Tuesday, July 8, 2008

River Garden


A contemplative week in July and we're staying outside Joseph, Oregon at Wallowa Lake Camp. Wallowa Lake is nestled in some pretty dramatic mountains, one particularly large peak rising majestically at the end of the lake and East of the camp. To arrive here on time, we left at six in the morning from Bellingham. We had a few minor setbacks: we got lost on Seattle trying to get onto I-90; we were pulled over for exceeding the speed limit (and let go, phew) and I left my cell phone at home. The cell mystery (I'm never without it) sent me into a tizzy for at least half an hour. Honestly, I felt naked without my modern day connection tool. Once we both recovered, we enjoyed the drive through central Washington and on into Oregon, soaking in the mix of landscape, some more barren and sagey, some lush with orchards and grapes, and some rolling patchwork fields that perhaps influenced the Pendleton textile designs.


As you already know, my garden in Fairhaven is being lovingly tended by my garden neighbor, Peggy, whose garden is looking terrific, I must say. Mike will be back from his trip to California, so he'll be managing the section he's caretaking. He's going to plant beets—did I already say that? I haven't finished my garden room, nor have I strung string for the pole beans. But alas, the garden will be there when I get back. I need a break and a change of heart.

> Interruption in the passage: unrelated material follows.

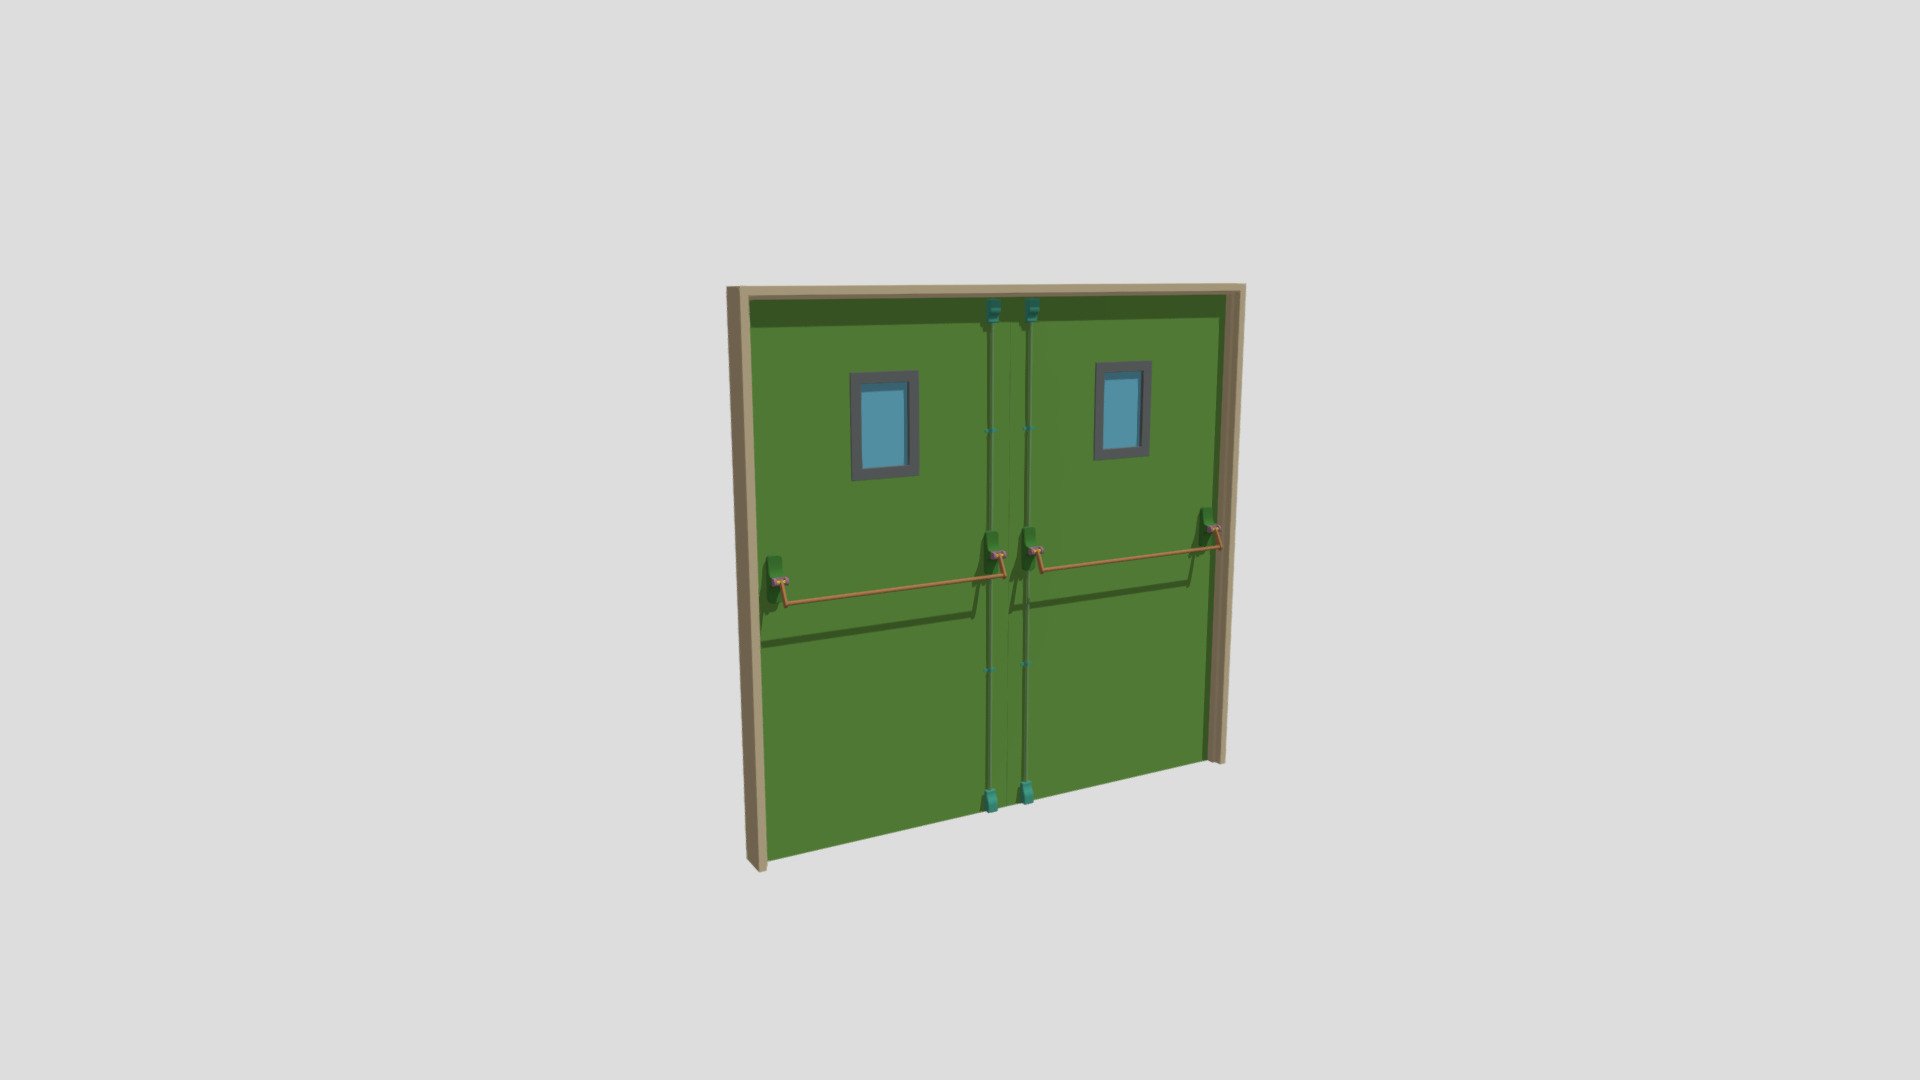 Exit Door Double - Exit Door Double - Download Free 3D model by moderncolin 3d model
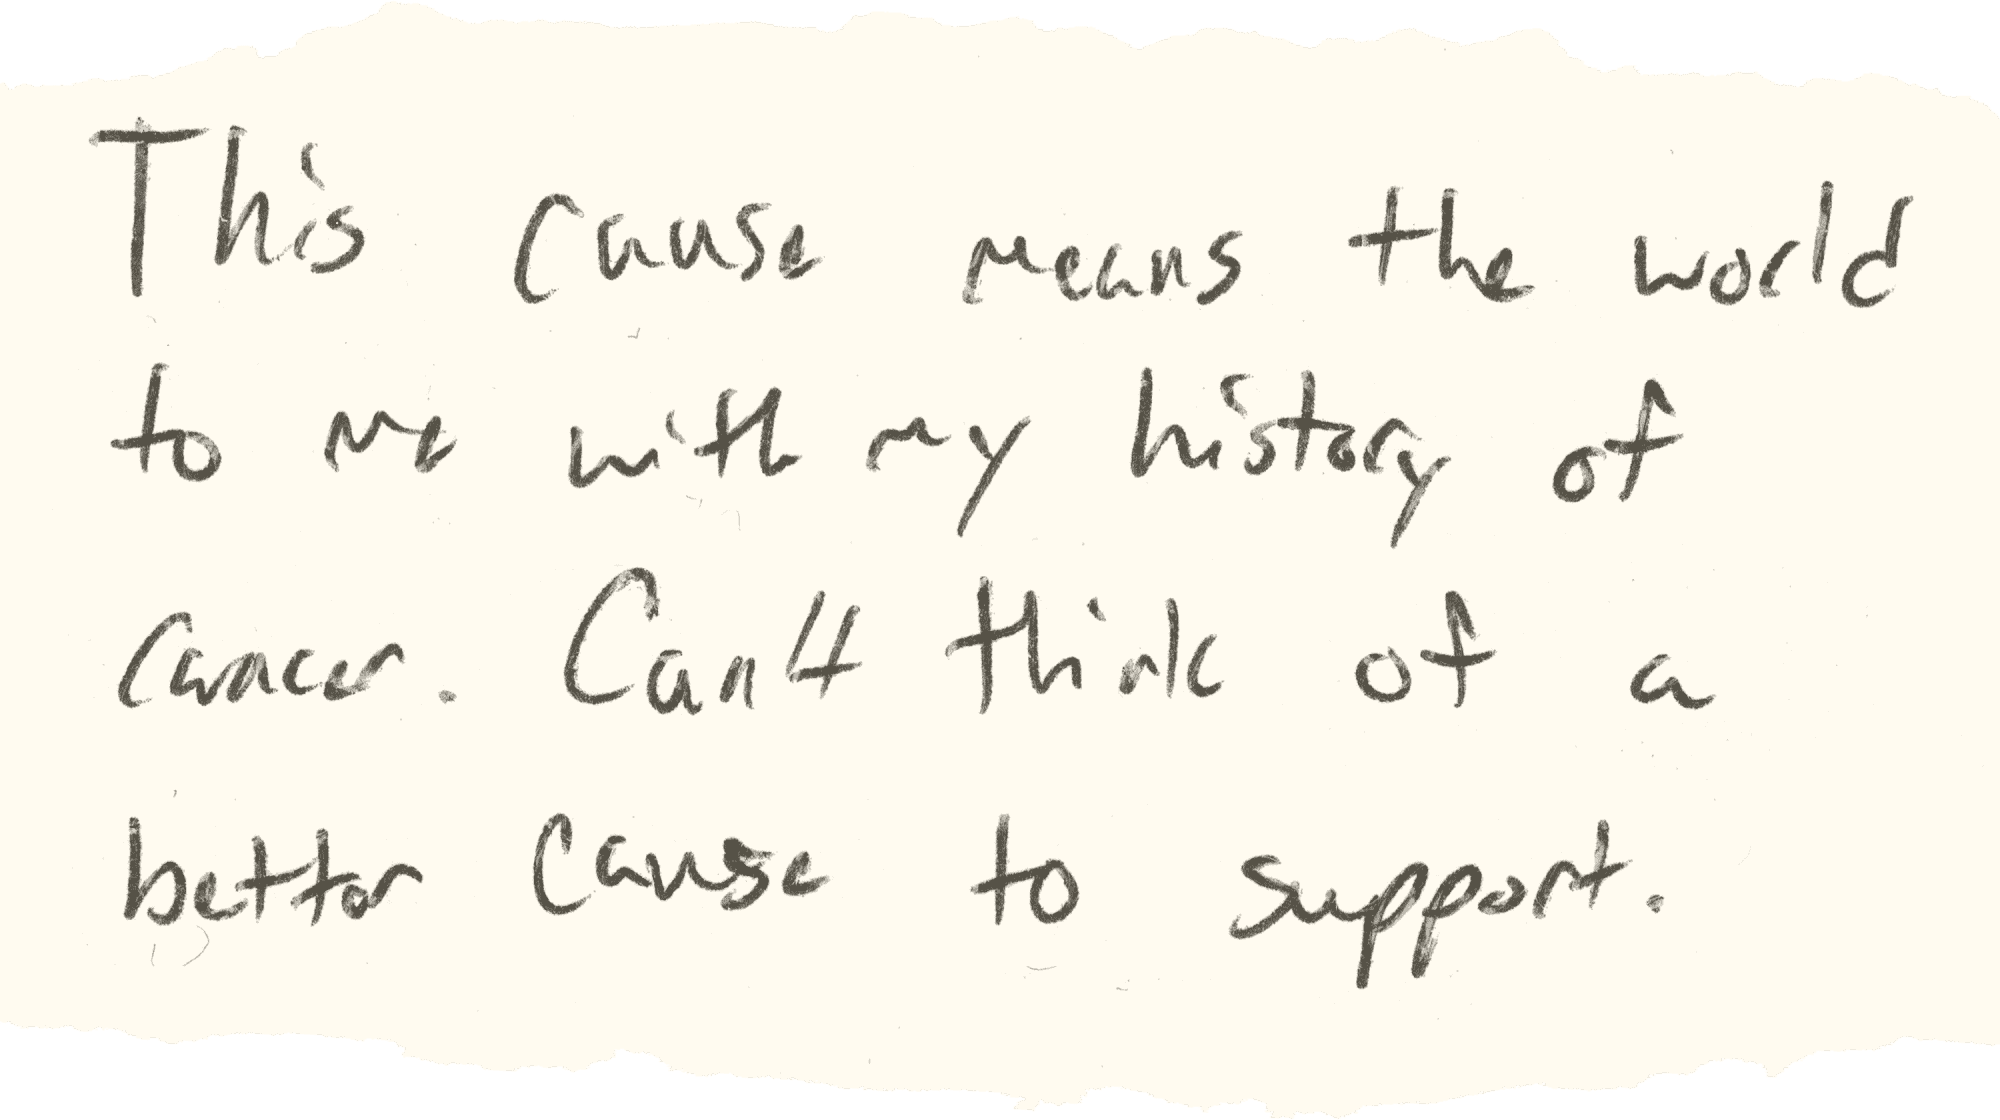 Handschrift: Diese Sache bedeutet mir mit meiner Krebsgeschichte die Welt.  Ich kann mir keinen besseren Grund zur Unterstützung vorstellen.

Fishtrap, where I'm not a participant, is a popular conference. Folks sign up before they leave for the following year. Since I'm here as a guest, I'll spend my mornings working on a revision of my novel, "Celia's Heaven". And since I need a vacation—not the sun and tanning and drinking and dining type of vacation, but more of the vision quest "vacation." Perhaps that's not a vacation but rather a vacating of my busy life so I can dive deeper into inhabiting myself. That's what I want, especially after all the disruption of divorce, the dickering with the ex, the meeting with the lawyer, and then the drawing up papers and show-me-the-money-meetings. And now what? That's my question. What do I want to make of my life during the next however many years I'm alive? What laws do I want to lay down for myself?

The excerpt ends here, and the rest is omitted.